Compute the power spectrum of a signal using Welch’s method (one-sided).

Parameters:

  • signal (array) – Input signal.

  • sampling_rate (int, float, optional) – Sampling frequency (Hz).

  • size (int, optional) – Number of points in each Welch segment; defaults to the equivalent of 1 second; ignored when ‘window’ is an array.

  • overlap (int, optional) – Number of points to overlap between segments; defaults to size / 2.

  • window (str, array, optional) – Type of window to use.

  • window_kwargs (dict, optional) – Additional keyword arguments to pass on window creation; ignored if ‘window’ is an array.

  • pad (int, optional) – Padding for the Fourier Transform (number of zeros added); defaults to no padding.

  • decibel (bool, optional) – If True, returns the power in decibels.

Returns:

  • freqs (array) – Array of frequencies (Hz) at which the power was computed.

  • power (array) – Power spectrum.

Notes

  • Detrends each Welch segment by removing the mean.

biosppy.signals.tools.windower(signal=None, size=None, step=None, fcn=None, fcn_kwargs=None, kernel='boxcar', kernel_kwargs=None)[source]

Apply a function to a signal in sequential windows, with optional overlap.

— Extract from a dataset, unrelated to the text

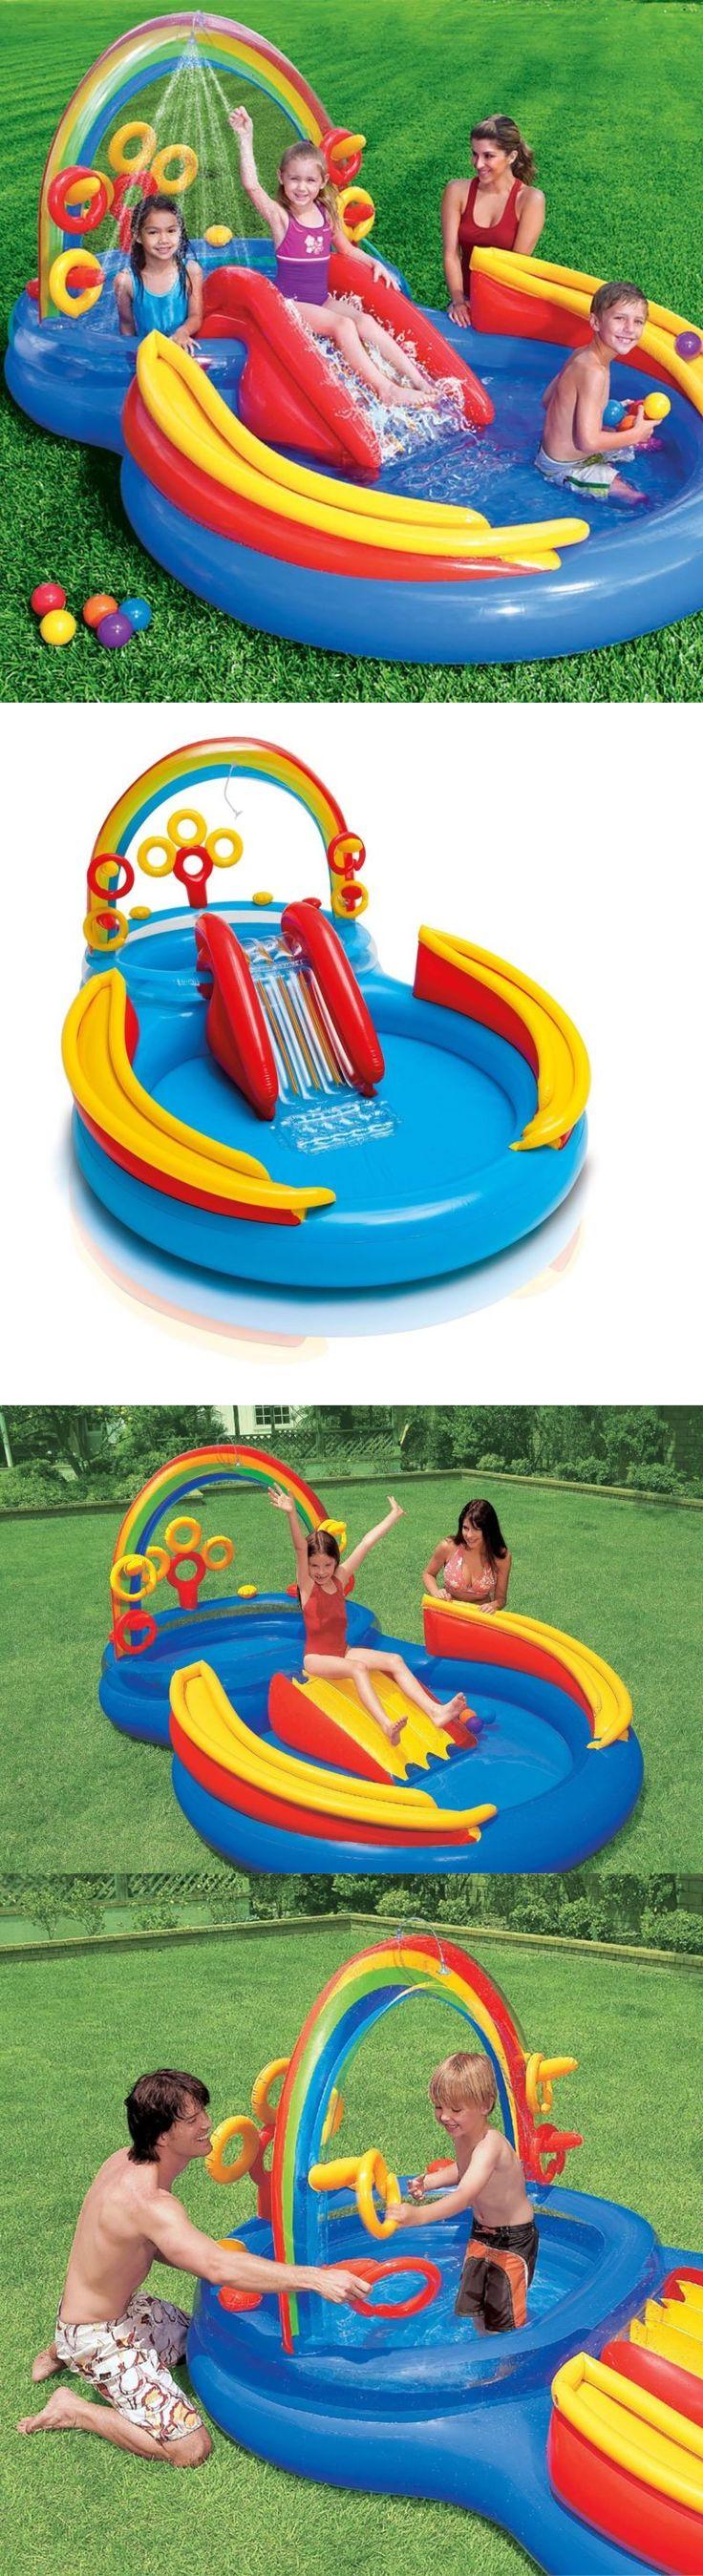 Pools 145989: Usa Backyard Inflatable Water Slide Pool Kids Outdoor Splash Bounce Play House N -> BUY IT NOW ONLY: $58.42 on eBay!

Availabel window kernels: boxcar, triang, blackman, hamming, hann, bartlett, flattop, parzen, bohman, blackmanharris, nuttall, barthann, kaiser (needs beta), gaussian (needs std), general_gaussian (needs power, width), slepian (needs width), chebwin (needs attenuation).

Parameters:

  • signal (array) – Input signal.

  • size (int) – Size of the signal window.

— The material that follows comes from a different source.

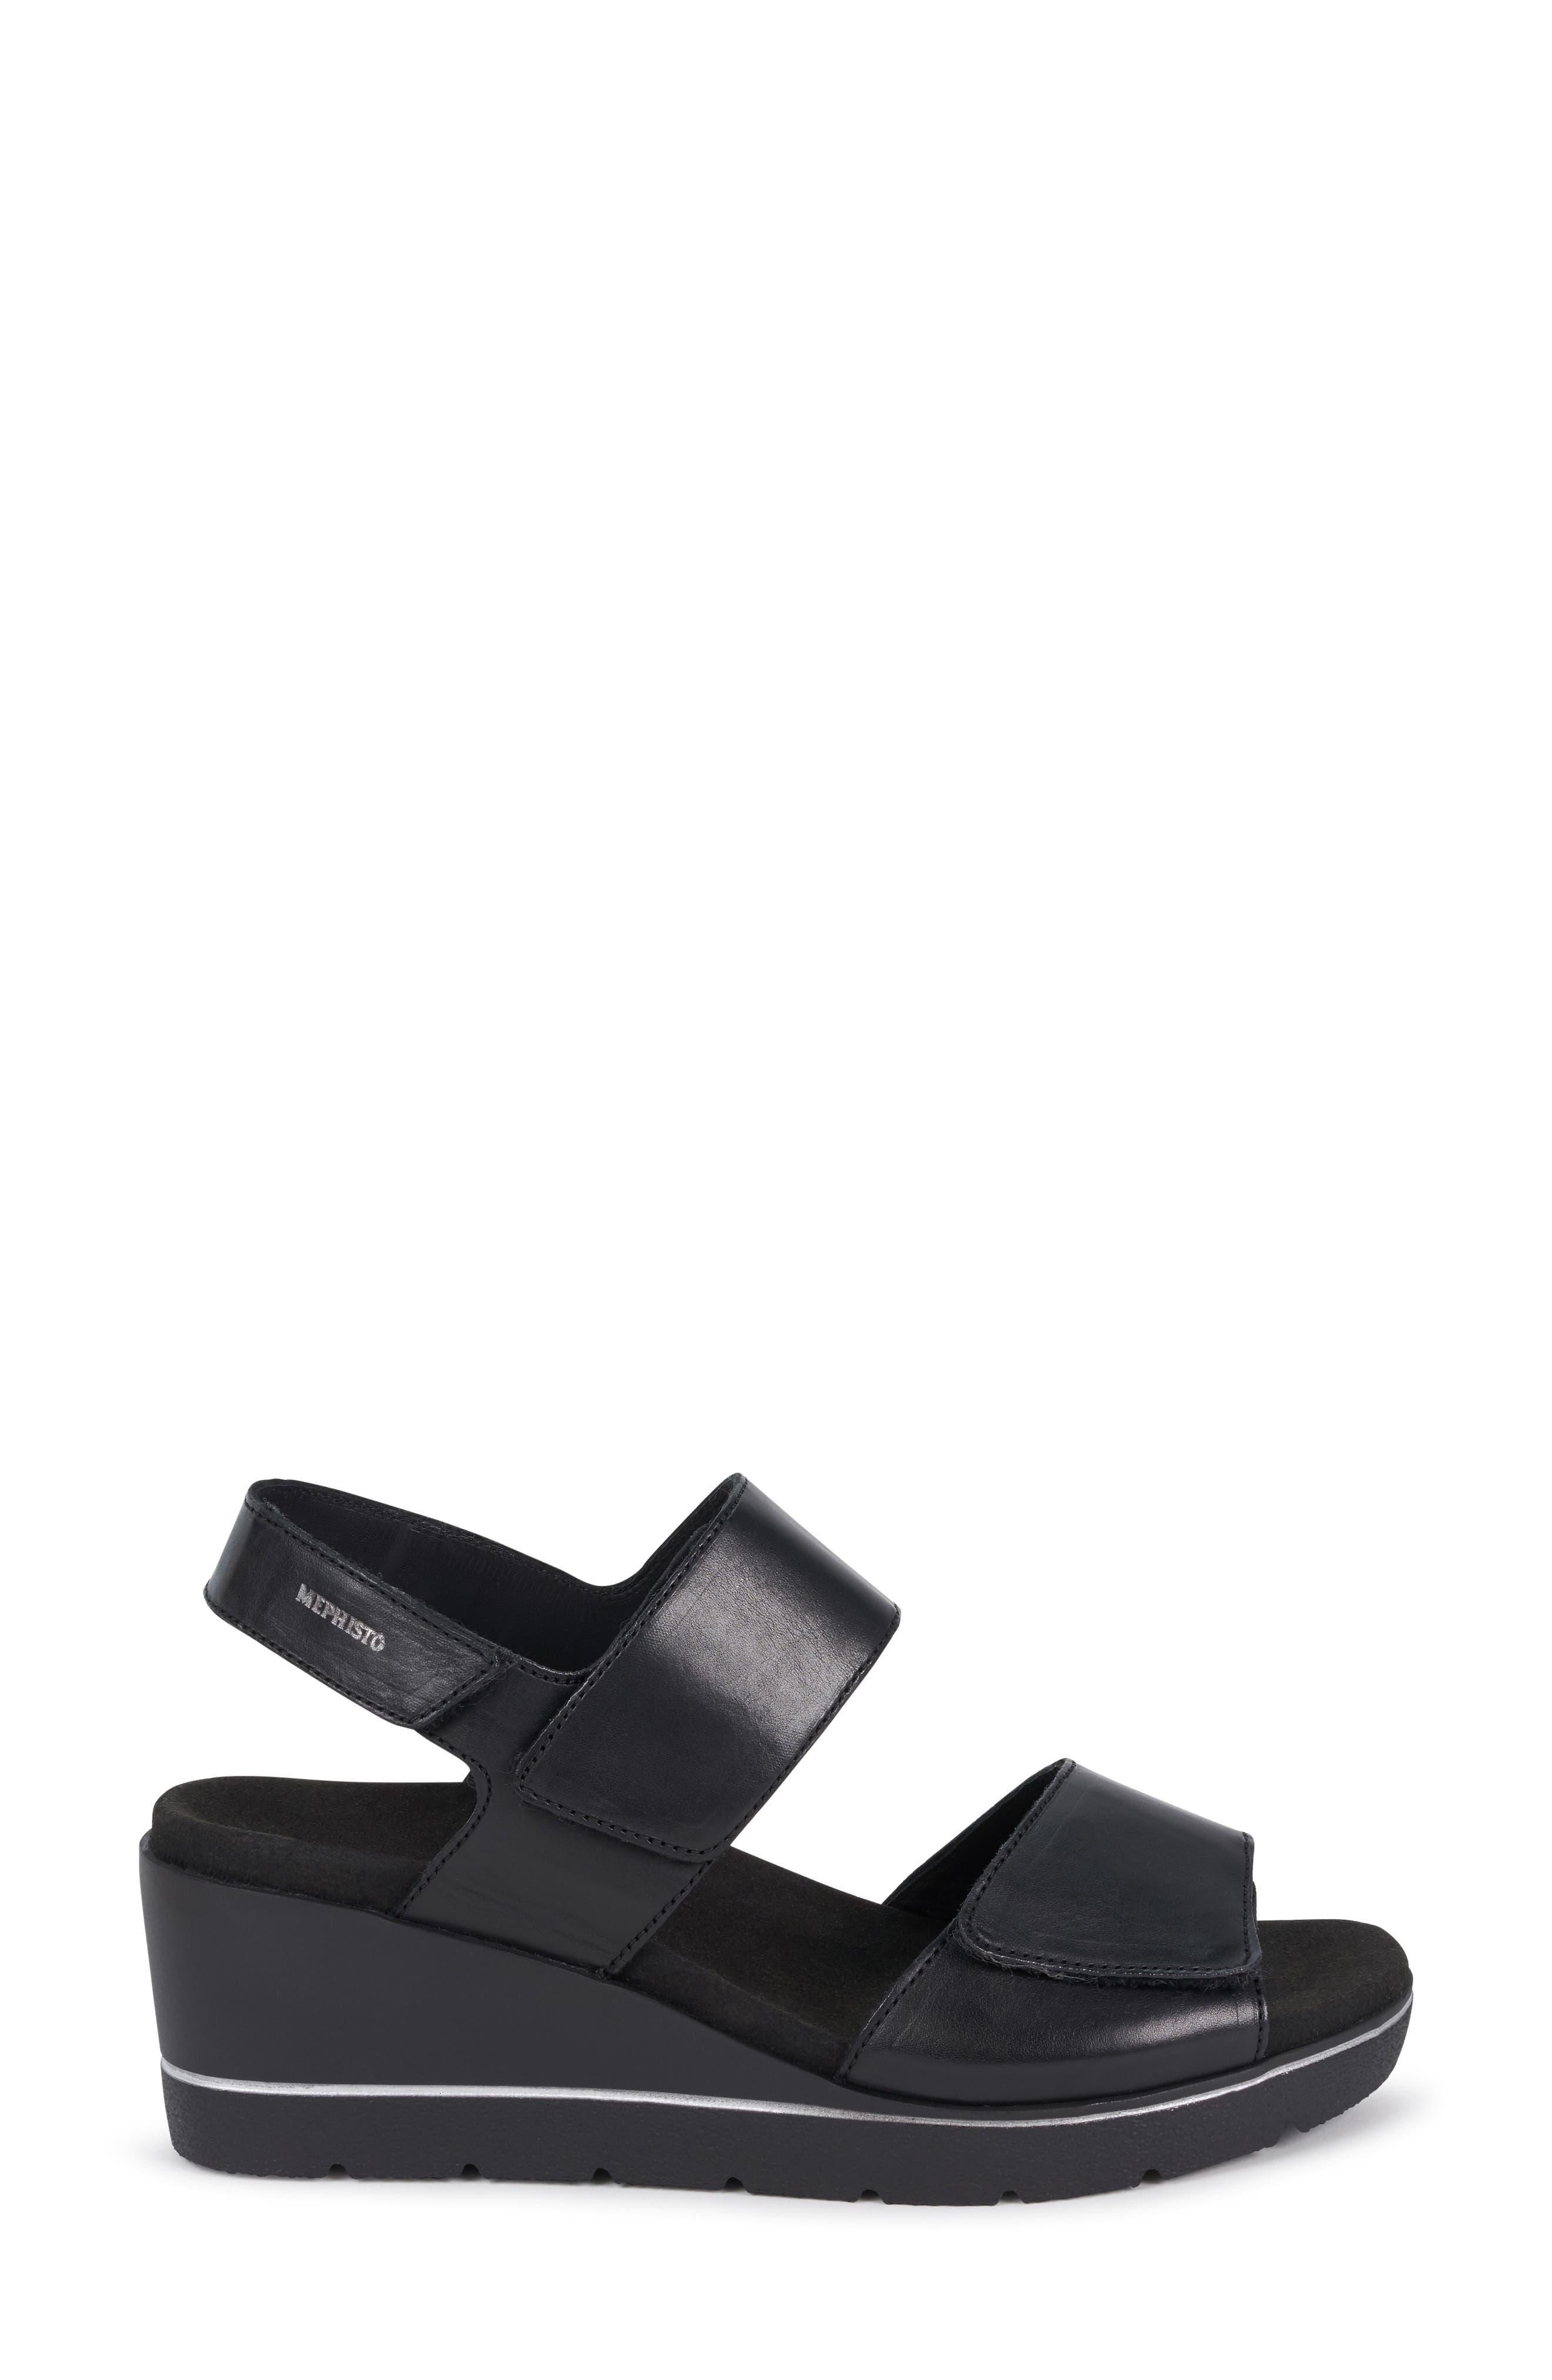 MEPHISTO, Engelina Wedge Sandal, Alternate thumbnail 3, color, BLACK SILK LEATHER

  • step (int, optional) – Size of window shift; if None, there is no overlap.

  • fcn (callable) – Function to apply to each window.

  • fcn_kwargs (dict, optional) – Additional keyword arguments to pass to ‘fcn’.

  • kernel (str, array, optional) – Type of kernel to use; if array, use directly as the kernel.

  • kernel_kwargs (dict, optional) – Additional keyword arguments to pass on window creation; ignored if ‘kernel’ is an array.

Returns:

  • index (array) – Indices characterizing window locations (start of the window).

  • values (array) – Concatenated output of calling ‘fcn’ on each window.

biosppy.signals.tools.zero_cross(signal=None, detrend=False)[source]

Locate the indices where the signal crosses zero.

Parameters:

  • signal (array) – Input signal.

  • detrend (bool, optional) – If True, remove signal mean before computation.

Returns:

zeros (array) – Indices of zero crossings.

Notes

  • When the signal crosses zero between samples, the first index is returned.